Today was my first time ever at The Maple Leaf. Today I was actually a featured artist there thanks to Jonathan Penton of www.unlikelystories.org The Everette C. Maddox Memorial Prose & Poetry Reading held every Sunday at 3 PM in the courtyard of the Maple Leaf Bar is the longest running reading series in North America. It was a great high for me to read there and be a part of the Louisiana tradition.
We arrived during the third quarter of a home Saints game and the bar crowd was wild to put it mildly. The Saints won and the Unlikely Saints did too. Our readings were sublime in my humble opinion. I hated leaving at the start of the open mic but tonight’s a school night and we had a long drive home.
This weekend in New Orleans, among many things, I experienced the Good that poetry is and the Good it can do. There was “good” poetry (and prose) for certain but I think our group the Unlikely Saints (Jonathan Penton, Michael Harold, Frankie Metro, Wendy Taylor Carlisle, and Kristina Marshall) and our audiences experienced the Good Vibrations that can occur in optimum circumstances when lovers and makers of art gather to expeience creative work. Thanks to everyone who came out to listen, read, laugh with us. Most especially thanks to Jonathan for the invitation and all of his hard work.
Tuesday will be my birthday. 30 years from age 13, I have two completed manuscripts with good prospects, poems published in the double digits, a strong writing practice and lots of love and good energy surrounding me. This weekend was a circle completing and I hope to widen an (unbroken) circle in the future.

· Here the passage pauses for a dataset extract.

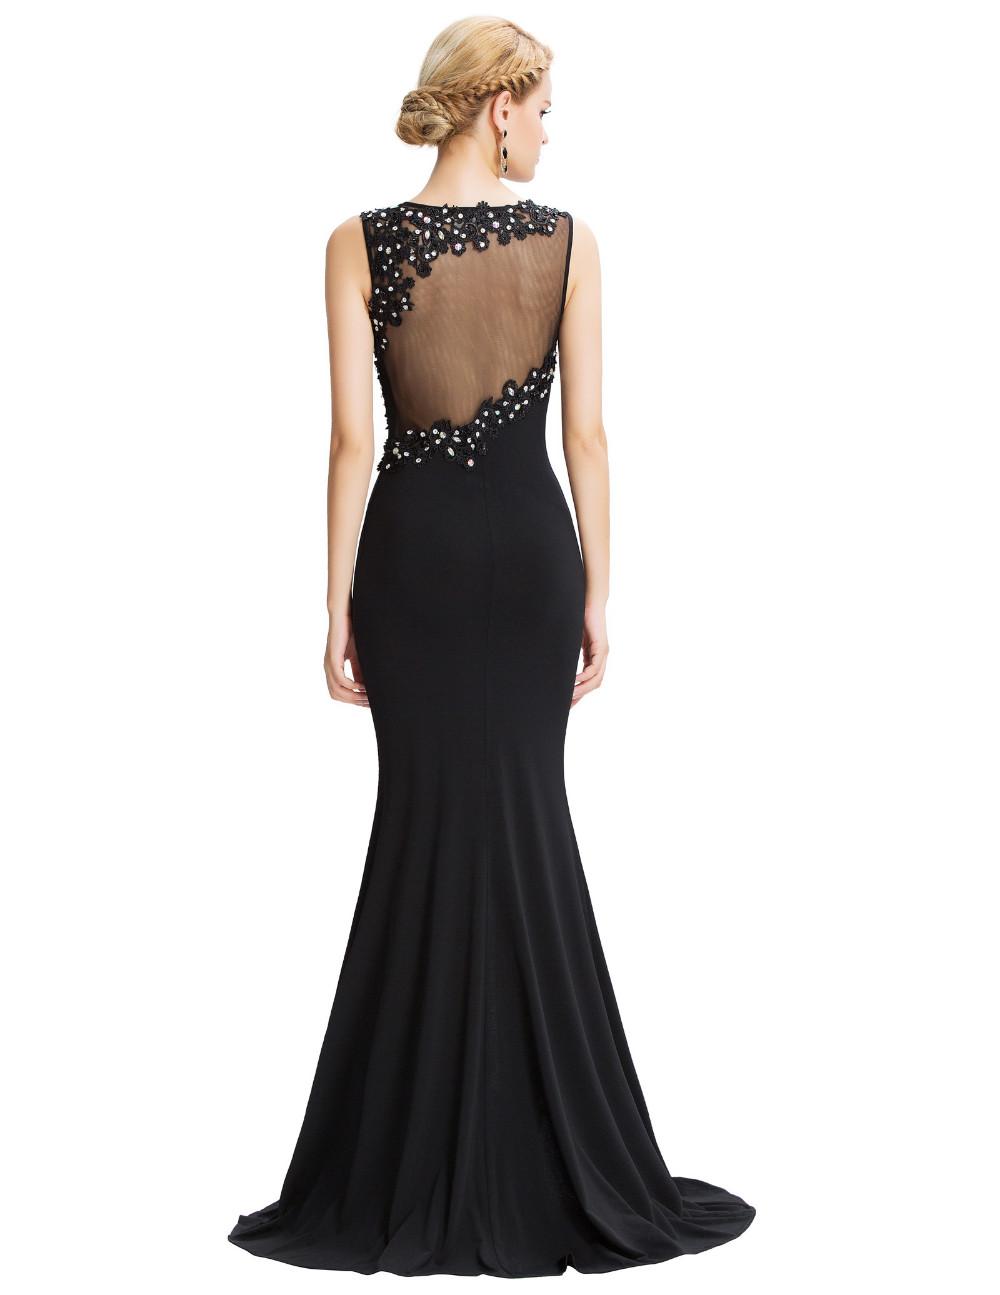 Grace Karin Sleeveless Black Mermaid Evening Dresses Floor Length Elegant Long Formal Dresses Robe De Soiree Sexy Evening Gowns 13

And I leave you with these humble words as a gift:
Bless you, you who create art. Believe in your craft; give to it as much as you can. Let it awaken you and be the matter of your dreams—
Your voice is both vulnerable and strong. Care for it. Bring the words which fly madly through you into the world through the discipline to which you adhere. Share it. Give it another life in someone’s mind and heart.
And follow this creed—
“Each success, no matter how small, in the practice of what I love is a lightning strike against the dark.”